# [SOURCE DATA]
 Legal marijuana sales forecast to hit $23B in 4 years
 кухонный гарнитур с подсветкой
---
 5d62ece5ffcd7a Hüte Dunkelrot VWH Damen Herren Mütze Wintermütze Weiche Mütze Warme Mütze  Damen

# [TO DO]
In the listing above, the lines from the one containing "Legal marijuana sales" through the one containing "кухонный гарнитур с подсветкой" must be set down exactly, with no other lines.

# [SOLUTION TO THIS EXERCISE]
 Legal marijuana sales forecast to hit $23B in 4 years
 кухонный гарнитур с подсветкой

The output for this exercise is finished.